What do you get when you combine a lot of 401(k) money, an increased threat of fraud and a lack of understanding of financial basics?
The answer, according to a recent discussion of experts, is both the opportunity for helping people with retirement but also the possibility of fraudulent or inept handling of lump-sum distributions. The discussion was held during the annual meeting of the Society of Actuaries here. SOA is based in Schaumburg, Ill.
During a session titled ‘Retirement: Risk is Opportunity,’ panelist Martha Priddy Patterson, a director with the Washington office of Deloitte Consulting LLP, talked about the confluence of events.
Patterson started her comments by noting that more money has migrated to defined contribution plans and the upcoming wave of baby boomers will receive lump sum distributions.

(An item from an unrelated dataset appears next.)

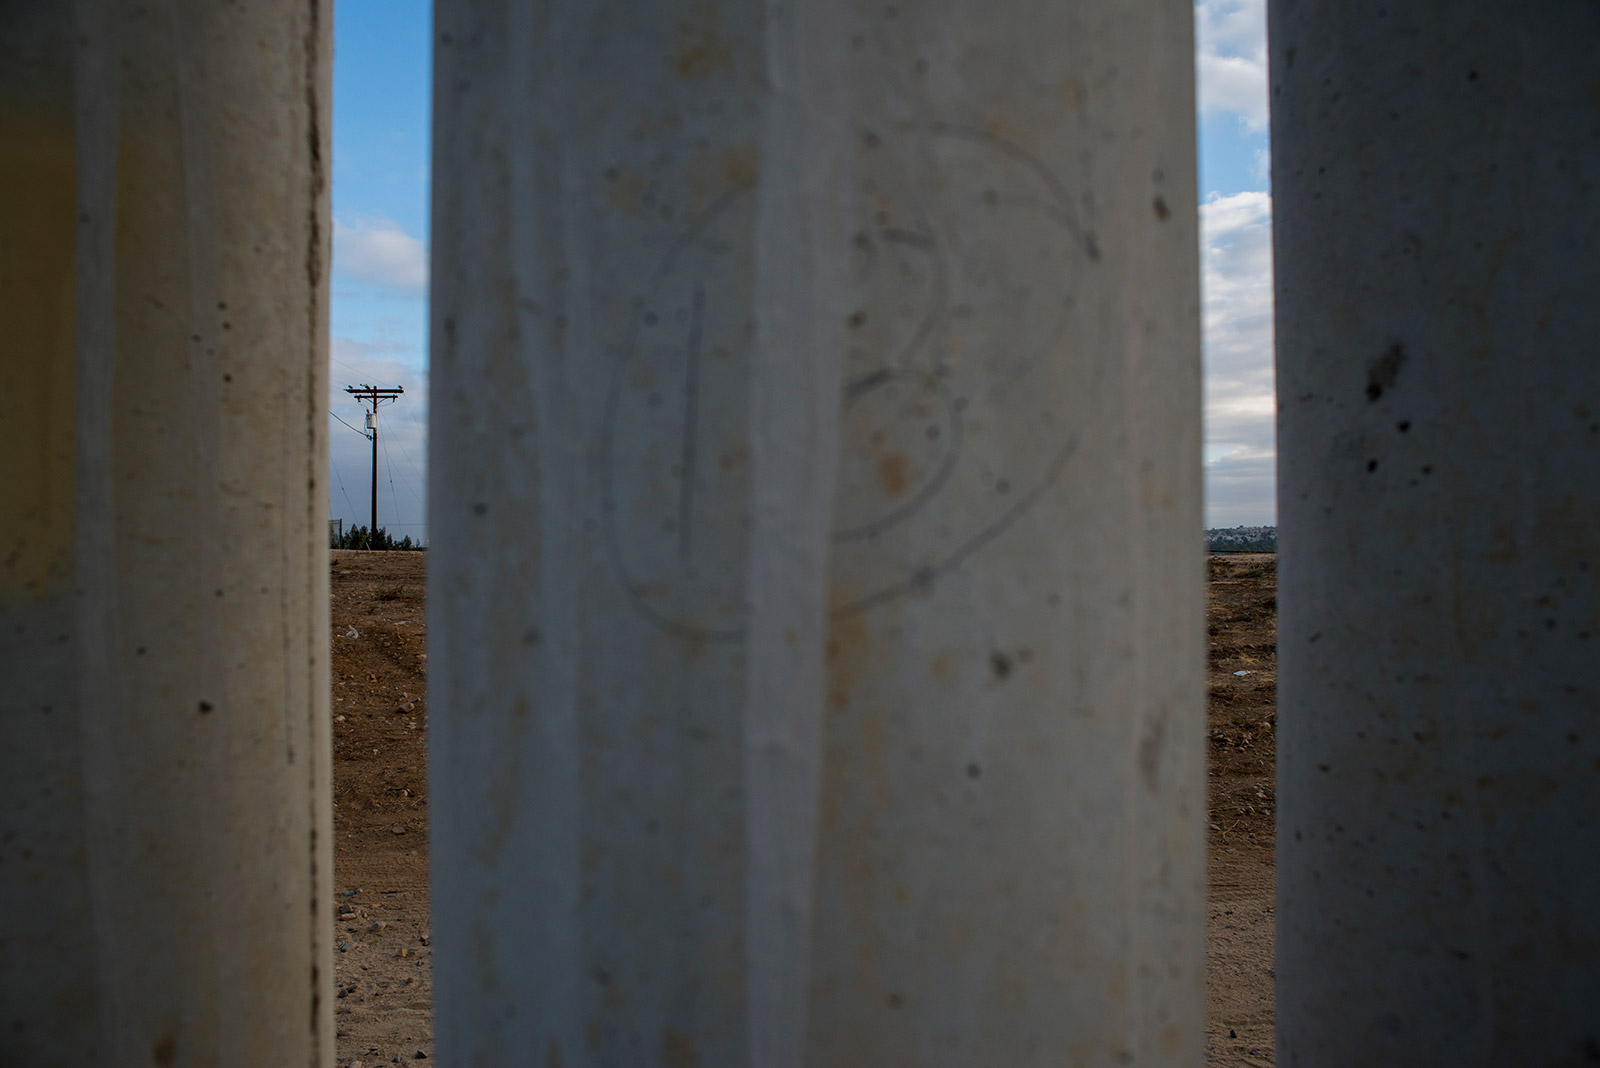 This variation of secondary fencing between the Pacific Ocean and the San Ysidro Port of Entry is made of tall concrete pillars and is topped with metal sheeting. This fencing, shown on Aug. 16, 2017, is designed to stop people and vehicles from entering the U.S. illegally. <em>(Brandon Quester/inewsource)</em>

“It is an opportunity not only for boomers but is also an opportunity for out-and-out thieves and incompetent financial advisors,” said Patterson. “There are those who would like to separate people from their retirement benefits as they begin to receive lump sum distributions.”
While there are many out there who would “pick off as much of retirement lump sums as they can,” Patterson also noted that there are also financial advisors who are “relatively knowledgeable” and who want to do a good job but are simply not sufficiently trained.
The U.S. Securities and Exchange Commission has done a good job on issues such as taking measures to stop firms that lure seniors to make financial decisions by offering free dinners, she noted.
But, she said, there are problems such as the numerous different types of financial products as well as the number of different regulatory agencies overseeing the sale of these different products. Among the different layers of enforcement she enumerated were the SEC and federal banking agencies as well as state insurance and securities regulators.